Video killed the radio star
Video killed the radio starIn my mind and in my car
We can’t rewind, we’ve gone too far
Pictures came and broke your heart
Put the blame on VCRVideo Killed the Radio Star (Downes/Woolley/Horn)
The song was part of the Age of Plastic album, which had themes of nostalgia, anxiety of the effects of modern technology. While the album was released more than 40 years ago (it was released in 1980) these themes still ring true and clear.
You know a technology has made it to the big leagues when TikTok starts rolling it out in their app. Just this week alone I have read several top 10 lists of AI text-to-image generators. The technology is blistering hot and models and startups are mushrooming overnight. Entire ways of thinking are being overthrown every other week or month, yesterday’s mind-blowing technology is today’s old news.

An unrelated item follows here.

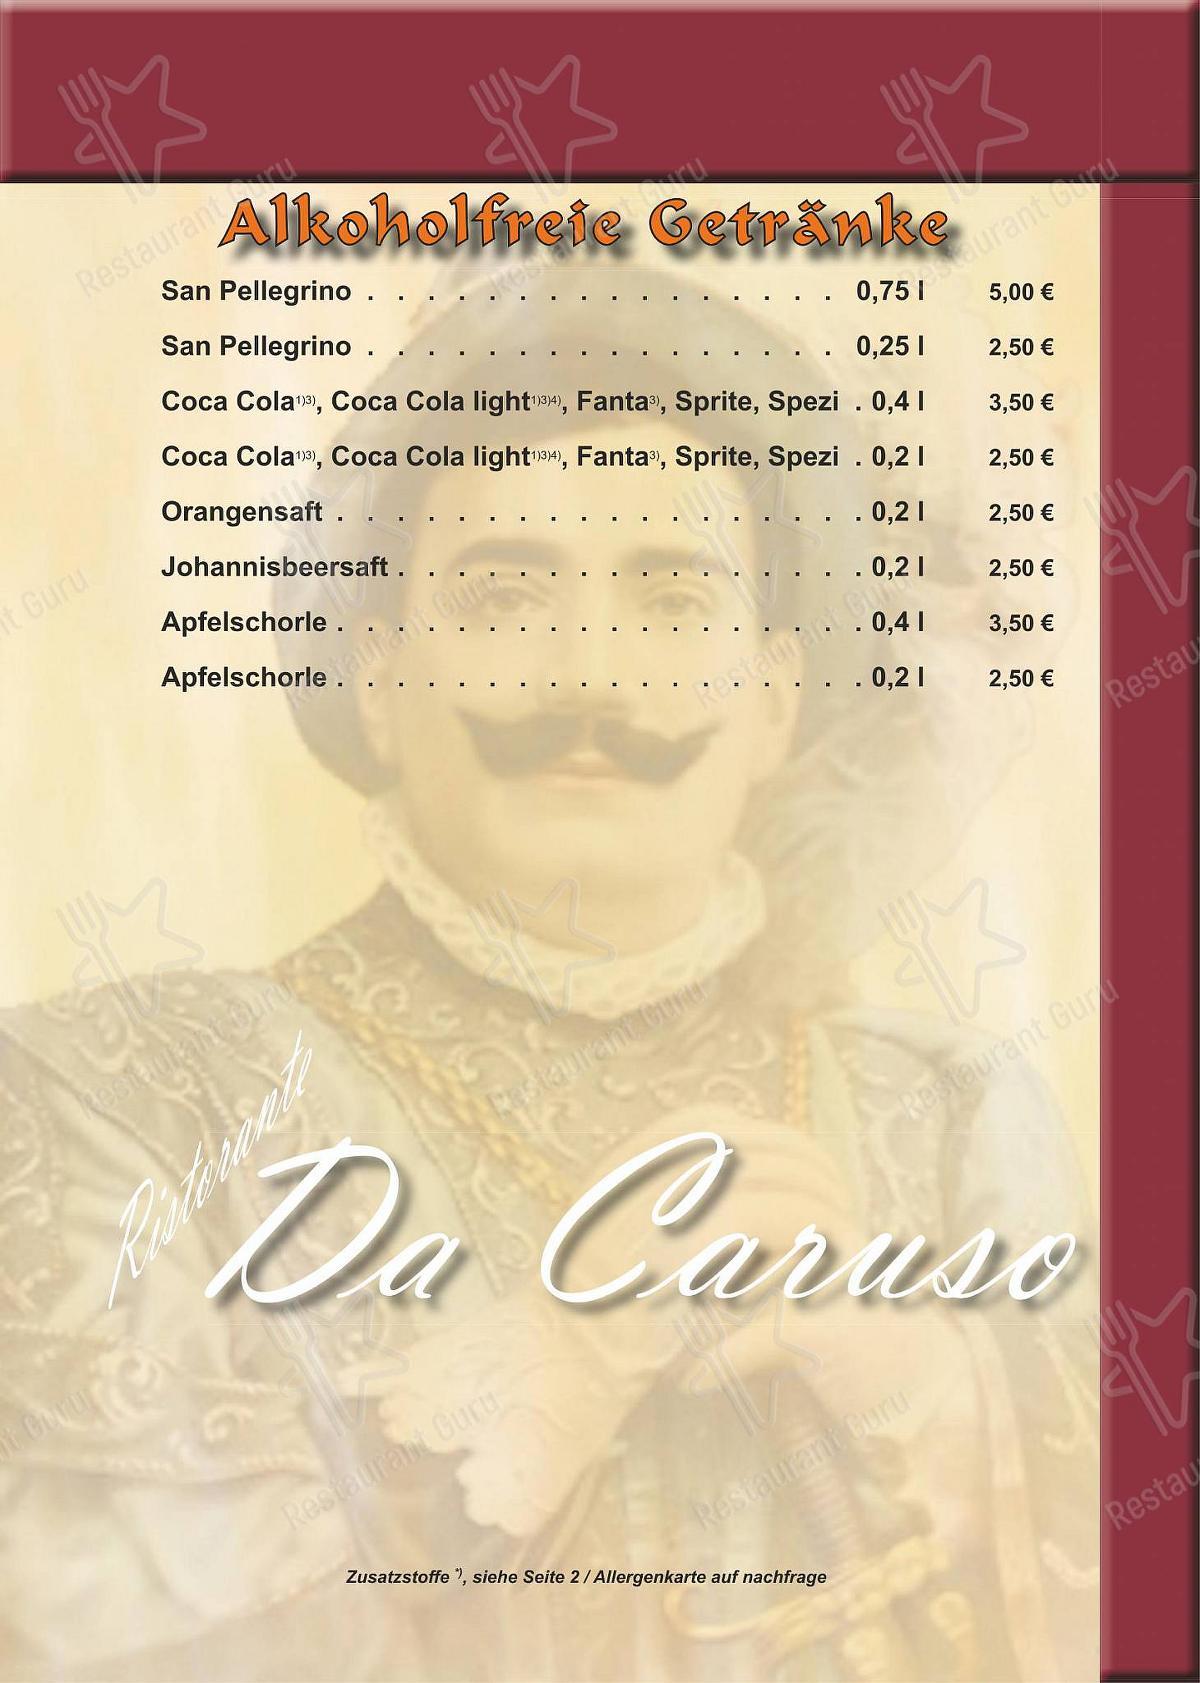 Меню для посетителей ресторана Caruso

The most well-known text-to-image AI model is of course, OpenAI’s Dall-E, released in January 2021. OpenAI released another model, GLIDE (it’s ok, I’ll talk about acronyms later), in December 2021 and not long after, Dall-E 2 was announced in April 2022. The pace of release is break-neck, to say the least.

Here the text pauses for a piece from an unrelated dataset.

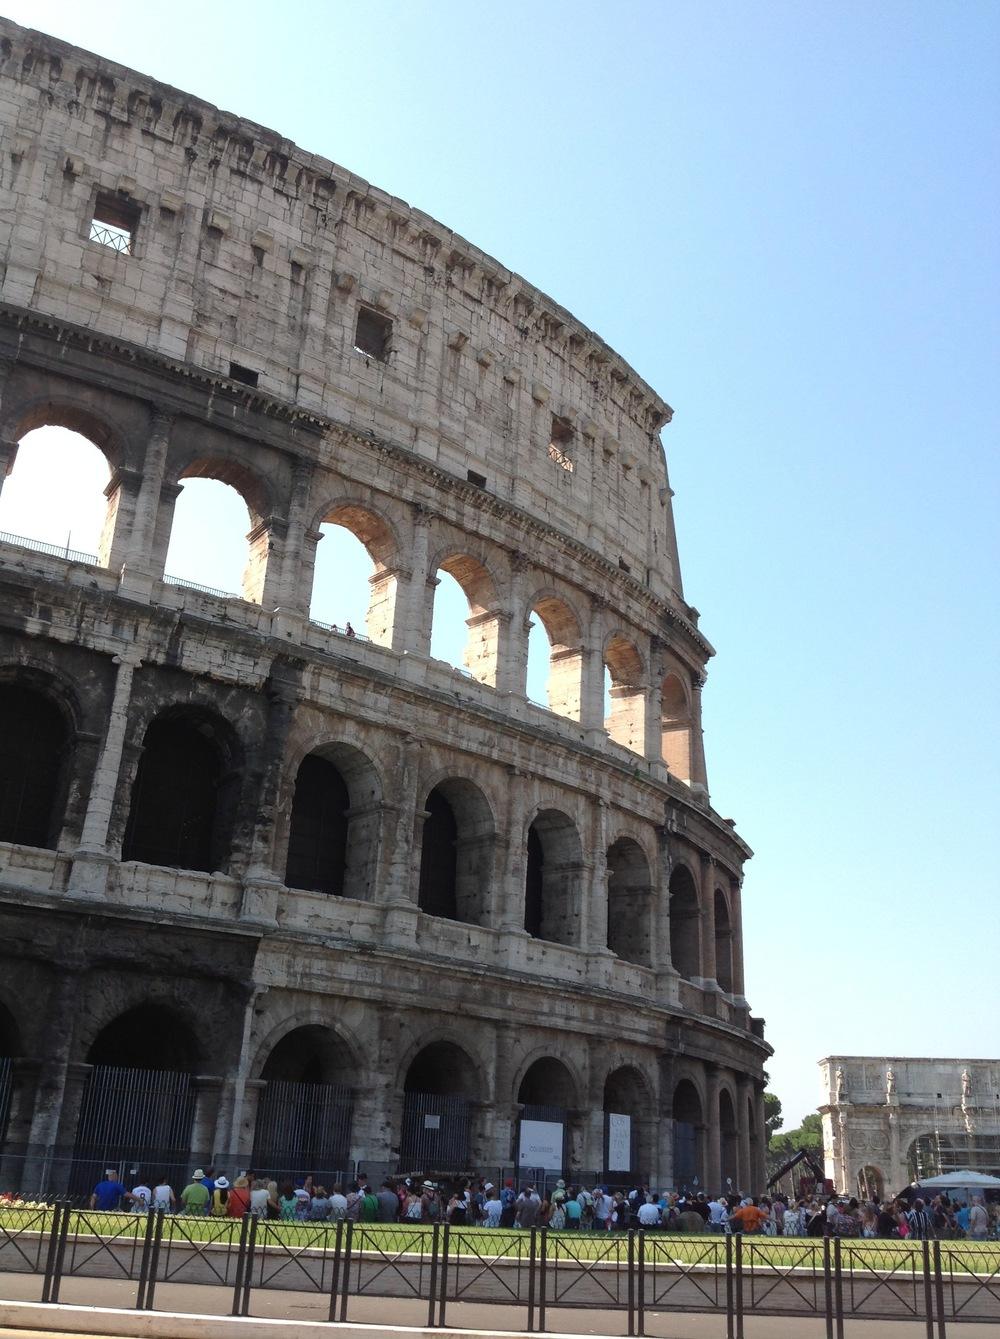 Il Colosseo (The — truly colossal — Colosseum);70 C.E.

Google’s highly-anticipated Imagen, was announced in June 2022 and even though it’s not released yet, legions of media reports started extolling how it completely outperformed the king-of-the-hill Dall-E 2. Meta (Facebook) announced their text to image tool, Make-A-Scene in July 2022. Make-a-Scene is a bit different from the others in as it allow users to supplement text prompts with a simple sketch if they choose.
Even Microsoft has jumped on the bandwagon and announced NUWA-Infinity, an AI model that can generate high-quality images and videos from any given text, image or video input.
Yes, video.
The big companies don’t have a monopoly over the text-to-image gold rush though. There are plenty of small startups in the same space. Midjourney is a small startup/research lab (less than 10 people) that has a popular following of users who uses its tools to generate art pieces. It went open beta in July 2022.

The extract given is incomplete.